● **Work to be completed**
Your job is to reproduce all of the data exactly.
+++ Available data +++
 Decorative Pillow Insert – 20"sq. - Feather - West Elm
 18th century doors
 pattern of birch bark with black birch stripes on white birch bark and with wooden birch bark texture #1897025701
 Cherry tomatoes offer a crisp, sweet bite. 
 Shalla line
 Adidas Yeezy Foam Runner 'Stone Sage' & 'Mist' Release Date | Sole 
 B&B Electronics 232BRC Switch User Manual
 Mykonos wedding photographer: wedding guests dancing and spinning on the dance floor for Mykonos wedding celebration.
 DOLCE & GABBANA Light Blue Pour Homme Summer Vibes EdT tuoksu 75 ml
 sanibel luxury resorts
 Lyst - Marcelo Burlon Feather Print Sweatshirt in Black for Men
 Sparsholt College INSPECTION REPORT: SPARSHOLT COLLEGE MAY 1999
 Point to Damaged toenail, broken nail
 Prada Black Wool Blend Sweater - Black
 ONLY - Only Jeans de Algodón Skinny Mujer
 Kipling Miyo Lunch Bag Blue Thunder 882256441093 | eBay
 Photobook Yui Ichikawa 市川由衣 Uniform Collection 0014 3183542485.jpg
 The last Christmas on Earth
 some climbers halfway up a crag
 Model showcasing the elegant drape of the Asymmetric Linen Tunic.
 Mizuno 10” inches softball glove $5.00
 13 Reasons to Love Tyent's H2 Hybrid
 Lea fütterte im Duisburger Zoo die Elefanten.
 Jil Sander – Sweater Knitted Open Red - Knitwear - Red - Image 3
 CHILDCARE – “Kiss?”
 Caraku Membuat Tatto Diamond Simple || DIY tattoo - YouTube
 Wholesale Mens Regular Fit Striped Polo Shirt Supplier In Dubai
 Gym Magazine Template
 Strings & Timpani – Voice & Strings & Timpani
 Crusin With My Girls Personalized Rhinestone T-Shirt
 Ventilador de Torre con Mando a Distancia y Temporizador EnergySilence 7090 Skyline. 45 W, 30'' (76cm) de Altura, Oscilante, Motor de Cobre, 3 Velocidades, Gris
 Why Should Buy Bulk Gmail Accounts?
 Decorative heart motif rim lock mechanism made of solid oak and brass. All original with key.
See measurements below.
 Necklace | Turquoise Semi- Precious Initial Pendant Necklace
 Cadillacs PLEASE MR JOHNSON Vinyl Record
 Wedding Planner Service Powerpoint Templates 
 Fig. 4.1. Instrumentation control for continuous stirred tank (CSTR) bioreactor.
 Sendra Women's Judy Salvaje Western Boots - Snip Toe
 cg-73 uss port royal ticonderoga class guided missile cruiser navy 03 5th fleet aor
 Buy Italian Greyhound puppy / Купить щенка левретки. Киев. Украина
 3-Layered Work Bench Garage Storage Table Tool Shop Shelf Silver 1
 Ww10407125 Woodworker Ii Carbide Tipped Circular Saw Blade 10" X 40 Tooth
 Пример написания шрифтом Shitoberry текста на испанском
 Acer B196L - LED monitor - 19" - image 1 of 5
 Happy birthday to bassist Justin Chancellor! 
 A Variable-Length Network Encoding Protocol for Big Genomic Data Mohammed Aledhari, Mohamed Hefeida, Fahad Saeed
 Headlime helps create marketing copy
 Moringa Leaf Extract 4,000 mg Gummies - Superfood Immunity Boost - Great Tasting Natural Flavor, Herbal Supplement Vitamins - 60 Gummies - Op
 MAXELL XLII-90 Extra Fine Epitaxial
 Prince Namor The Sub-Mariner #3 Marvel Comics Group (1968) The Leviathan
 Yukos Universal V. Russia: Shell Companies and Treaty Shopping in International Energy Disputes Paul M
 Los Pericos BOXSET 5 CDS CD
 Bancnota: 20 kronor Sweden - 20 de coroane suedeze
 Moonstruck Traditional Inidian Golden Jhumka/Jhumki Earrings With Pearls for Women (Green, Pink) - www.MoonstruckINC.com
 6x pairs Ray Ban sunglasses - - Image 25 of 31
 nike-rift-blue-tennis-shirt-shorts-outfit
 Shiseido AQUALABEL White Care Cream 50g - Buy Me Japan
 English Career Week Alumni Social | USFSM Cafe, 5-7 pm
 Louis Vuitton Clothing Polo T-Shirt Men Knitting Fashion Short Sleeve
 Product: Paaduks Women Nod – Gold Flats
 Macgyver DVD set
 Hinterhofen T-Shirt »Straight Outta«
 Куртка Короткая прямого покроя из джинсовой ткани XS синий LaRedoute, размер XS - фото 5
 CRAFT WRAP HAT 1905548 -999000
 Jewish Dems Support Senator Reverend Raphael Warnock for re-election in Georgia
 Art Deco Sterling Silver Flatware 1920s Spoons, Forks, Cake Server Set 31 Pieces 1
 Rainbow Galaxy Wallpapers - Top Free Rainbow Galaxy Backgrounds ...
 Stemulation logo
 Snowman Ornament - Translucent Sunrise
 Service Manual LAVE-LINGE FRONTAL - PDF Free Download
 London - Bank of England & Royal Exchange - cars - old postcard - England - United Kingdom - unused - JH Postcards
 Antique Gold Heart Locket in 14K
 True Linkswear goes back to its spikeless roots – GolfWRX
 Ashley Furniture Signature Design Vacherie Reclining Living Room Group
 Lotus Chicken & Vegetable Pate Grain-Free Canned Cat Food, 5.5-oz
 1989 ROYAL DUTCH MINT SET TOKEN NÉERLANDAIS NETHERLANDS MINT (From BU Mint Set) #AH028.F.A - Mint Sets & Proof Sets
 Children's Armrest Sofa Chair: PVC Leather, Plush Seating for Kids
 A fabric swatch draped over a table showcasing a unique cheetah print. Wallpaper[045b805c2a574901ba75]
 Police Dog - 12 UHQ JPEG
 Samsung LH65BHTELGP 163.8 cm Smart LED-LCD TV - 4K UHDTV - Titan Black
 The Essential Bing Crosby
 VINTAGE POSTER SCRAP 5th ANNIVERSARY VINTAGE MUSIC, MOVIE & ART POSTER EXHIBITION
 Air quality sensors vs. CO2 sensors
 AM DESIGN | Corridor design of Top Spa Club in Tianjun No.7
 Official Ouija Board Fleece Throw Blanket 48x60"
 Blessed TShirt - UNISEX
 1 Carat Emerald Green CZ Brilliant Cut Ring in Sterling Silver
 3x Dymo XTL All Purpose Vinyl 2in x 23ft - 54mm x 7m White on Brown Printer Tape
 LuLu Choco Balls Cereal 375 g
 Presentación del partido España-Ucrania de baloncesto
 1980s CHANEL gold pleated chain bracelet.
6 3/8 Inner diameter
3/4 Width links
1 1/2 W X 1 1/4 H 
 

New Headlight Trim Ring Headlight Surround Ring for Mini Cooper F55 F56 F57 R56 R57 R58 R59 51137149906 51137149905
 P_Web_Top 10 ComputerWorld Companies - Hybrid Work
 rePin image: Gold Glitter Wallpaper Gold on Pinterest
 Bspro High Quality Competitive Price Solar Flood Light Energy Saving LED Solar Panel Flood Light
+++
● **Result for this task**
 Decorative Pillow Insert – 20"sq. - Feather - West Elm
 18th century doors
 pattern of birch bark with black birch stripes on white birch bark and with wooden birch bark texture #1897025701
 Cherry tomatoes offer a crisp, sweet bite. 
 Shalla line
 Adidas Yeezy Foam Runner 'Stone Sage' & 'Mist' Release Date | Sole 
 B&B Electronics 232BRC Switch User Manual
 Mykonos wedding photographer: wedding guests dancing and spinning on the dance floor for Mykonos wedding celebration.
 DOLCE & GABBANA Light Blue Pour Homme Summer Vibes EdT tuoksu 75 ml
 sanibel luxury resorts
 Lyst - Marcelo Burlon Feather Print Sweatshirt in Black for Men
 Sparsholt College INSPECTION REPORT: SPARSHOLT COLLEGE MAY 1999
 Point to Damaged toenail, broken nail
 Prada Black Wool Blend Sweater - Black
 ONLY - Only Jeans de Algodón Skinny Mujer
 Kipling Miyo Lunch Bag Blue Thunder 882256441093 | eBay
 Photobook Yui Ichikawa 市川由衣 Uniform Collection 0014 3183542485.jpg
 The last Christmas on Earth
 some climbers halfway up a crag
 Model showcasing the elegant drape of the Asymmetric Linen Tunic.
 Mizuno 10” inches softball glove $5.00
 13 Reasons to Love Tyent's H2 Hybrid
 Lea fütterte im Duisburger Zoo die Elefanten.
 Jil Sander – Sweater Knitted Open Red - Knitwear - Red - Image 3
 CHILDCARE – “Kiss?”
 Caraku Membuat Tatto Diamond Simple || DIY tattoo - YouTube
 Wholesale Mens Regular Fit Striped Polo Shirt Supplier In Dubai
 Gym Magazine Template
 Strings & Timpani – Voice & Strings & Timpani
 Crusin With My Girls Personalized Rhinestone T-Shirt
 Ventilador de Torre con Mando a Distancia y Temporizador EnergySilence 7090 Skyline. 45 W, 30'' (76cm) de Altura, Oscilante, Motor de Cobre, 3 Velocidades, Gris
 Why Should Buy Bulk Gmail Accounts?
 Decorative heart motif rim lock mechanism made of solid oak and brass. All original with key.
See measurements below.
 Necklace | Turquoise Semi- Precious Initial Pendant Necklace
 Cadillacs PLEASE MR JOHNSON Vinyl Record
 Wedding Planner Service Powerpoint Templates 
 Fig. 4.1. Instrumentation control for continuous stirred tank (CSTR) bioreactor.
 Sendra Women's Judy Salvaje Western Boots - Snip Toe
 cg-73 uss port royal ticonderoga class guided missile cruiser navy 03 5th fleet aor
 Buy Italian Greyhound puppy / Купить щенка левретки. Киев. Украина
 3-Layered Work Bench Garage Storage Table Tool Shop Shelf Silver 1
 Ww10407125 Woodworker Ii Carbide Tipped Circular Saw Blade 10" X 40 Tooth
 Пример написания шрифтом Shitoberry текста на испанском
 Acer B196L - LED monitor - 19" - image 1 of 5
 Happy birthday to bassist Justin Chancellor! 
 A Variable-Length Network Encoding Protocol for Big Genomic Data Mohammed Aledhari, Mohamed Hefeida, Fahad Saeed
 Headlime helps create marketing copy
 Moringa Leaf Extract 4,000 mg Gummies - Superfood Immunity Boost - Great Tasting Natural Flavor, Herbal Supplement Vitamins - 60 Gummies - Op
 MAXELL XLII-90 Extra Fine Epitaxial
 Prince Namor The Sub-Mariner #3 Marvel Comics Group (1968) The Leviathan
 Yukos Universal V. Russia: Shell Companies and Treaty Shopping in International Energy Disputes Paul M
 Los Pericos BOXSET 5 CDS CD
 Bancnota: 20 kronor Sweden - 20 de coroane suedeze
 Moonstruck Traditional Inidian Golden Jhumka/Jhumki Earrings With Pearls for Women (Green, Pink) - www.MoonstruckINC.com
 6x pairs Ray Ban sunglasses - - Image 25 of 31
 nike-rift-blue-tennis-shirt-shorts-outfit
 Shiseido AQUALABEL White Care Cream 50g - Buy Me Japan
 English Career Week Alumni Social | USFSM Cafe, 5-7 pm
 Louis Vuitton Clothing Polo T-Shirt Men Knitting Fashion Short Sleeve
 Product: Paaduks Women Nod – Gold Flats
 Macgyver DVD set
 Hinterhofen T-Shirt »Straight Outta«
 Куртка Короткая прямого покроя из джинсовой ткани XS синий LaRedoute, размер XS - фото 5
 CRAFT WRAP HAT 1905548 -999000
 Jewish Dems Support Senator Reverend Raphael Warnock for re-election in Georgia
 Art Deco Sterling Silver Flatware 1920s Spoons, Forks, Cake Server Set 31 Pieces 1
 Rainbow Galaxy Wallpapers - Top Free Rainbow Galaxy Backgrounds ...
 Stemulation logo
 Snowman Ornament - Translucent Sunrise
 Service Manual LAVE-LINGE FRONTAL - PDF Free Download
 London - Bank of England & Royal Exchange - cars - old postcard - England - United Kingdom - unused - JH Postcards
 Antique Gold Heart Locket in 14K
 True Linkswear goes back to its spikeless roots – GolfWRX
 Ashley Furniture Signature Design Vacherie Reclining Living Room Group
 Lotus Chicken & Vegetable Pate Grain-Free Canned Cat Food, 5.5-oz
 1989 ROYAL DUTCH MINT SET TOKEN NÉERLANDAIS NETHERLANDS MINT (From BU Mint Set) #AH028.F.A - Mint Sets & Proof Sets
 Children's Armrest Sofa Chair: PVC Leather, Plush Seating for Kids
 A fabric swatch draped over a table showcasing a unique cheetah print. Wallpaper[045b805c2a574901ba75]
 Police Dog - 12 UHQ JPEG
 Samsung LH65BHTELGP 163.8 cm Smart LED-LCD TV - 4K UHDTV - Titan Black
 The Essential Bing Crosby
 VINTAGE POSTER SCRAP 5th ANNIVERSARY VINTAGE MUSIC, MOVIE & ART POSTER EXHIBITION
 Air quality sensors vs. CO2 sensors
 AM DESIGN | Corridor design of Top Spa Club in Tianjun No.7
 Official Ouija Board Fleece Throw Blanket 48x60"
 Blessed TShirt - UNISEX
 1 Carat Emerald Green CZ Brilliant Cut Ring in Sterling Silver
 3x Dymo XTL All Purpose Vinyl 2in x 23ft - 54mm x 7m White on Brown Printer Tape
 LuLu Choco Balls Cereal 375 g
 Presentación del partido España-Ucrania de baloncesto
 1980s CHANEL gold pleated chain bracelet.
6 3/8 Inner diameter
3/4 Width links
1 1/2 W X 1 1/4 H 
 

New Headlight Trim Ring Headlight Surround Ring for Mini Cooper F55 F56 F57 R56 R57 R58 R59 51137149906 51137149905
 P_Web_Top 10 ComputerWorld Companies - Hybrid Work
 rePin image: Gold Glitter Wallpaper Gold on Pinterest
 Bspro High Quality Competitive Price Solar Flood Light Energy Saving LED Solar Panel Flood Light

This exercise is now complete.